Les présidents français et italien peuvent bien tenter
de donner le change en insistant de concert, comme ils l’ont fait lundi matin,
sur la force des liens qui unissent leurs deux pays, le mal est fait. L’écume
de l’Ocean-Viking n’est pas près de retomber, tant l’épisode
laissera des traces profondes. On ne parle pas ici de la polémique indigne qui
continue d’enfler, alimentée, entre autres, par les médias du groupe Bolloré,
tout comme par un ancien ministre de l’Intérieur qui juge à propos de tancer
l’accueil de 230 malheureux par un État de 67 millions d’habitants. Ni de
l’incroyable ballet diplomatique et policier exécuté pour l’accostage d’un
simple navire humanitaire d’une ONG d’assistance aux naufragés.

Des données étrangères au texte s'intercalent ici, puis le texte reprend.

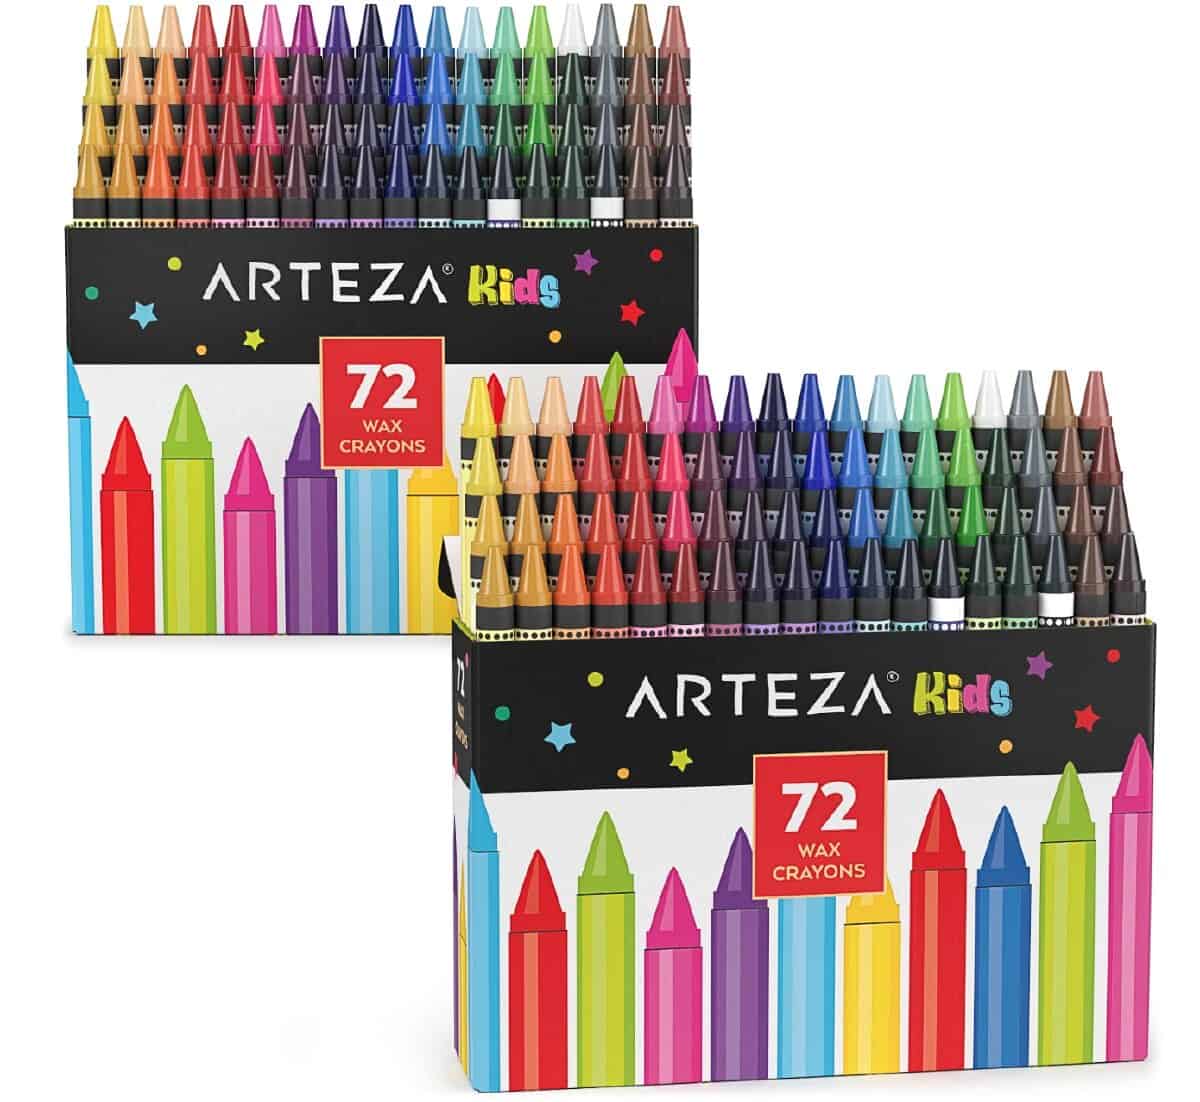 Two large 72 count boxes of Arteza crayons on a white background.

Non, ce qui devrait agiter chaînes de télévision et
commentateurs est le terrible aveu d’impuissance d’une Europe incapable
d’appliquer les valeurs et les droits qu’elle promeut à longueur de discours et
de traités. Le gouvernement français, dans la cacophonie qui l’a opposé à son
voisin, ne s’en sort pas avec les honneurs, comme il a pu se dire hâtivement.
C’est sous deux pressions contraires – celles de l’urgence humanitaire, d’un
côté ; de l’extrême droite,
de l’autre, hostile à toute concession – que l’exécutif a, de
mauvaise grâce et de guerre lasse, décidé d’ouvrir le
port de Toulon au bateau de SOS Méditerranée. Un geste d’où a été gommée toute
dimension de générosité humaine – les rescapés ont été parqués en « zone d’attente », sans droit
d’accès au
territoire national – pour se
limiter au devoir de sauvetage qui s’impose même au plus égoïste des gouvernements.
On ne peut certes que se féliciter qu’on n’ait pas
rejeté à la mer les exilés, à la différence de l’Italie de Giorgia Meloni. Mais
les tergiversations et le retard à leur venir en aide ôtent toute grandeur au
geste du gouvernement français. Par peur de déplaire au RN et à ses électeurs,
Emmanuel Macron rogne les principes censés guider l’action de notre pays. C’est
un jeu mortifère : aucune concession sur ce terrain ne suffira jamais à l’extrême droite, pour laquelle l’autorisation d’accostage de l’ Ocean-Viking est déjà de
trop.
PAR PEUR DE DÉPLAIRE AU RN ET À SES ÉLECTEURS, EMMANUEL MACRON ROGNE LES
PRINCIPES CENSÉS GUIDER L’ACTION DE NOTRE PAYS.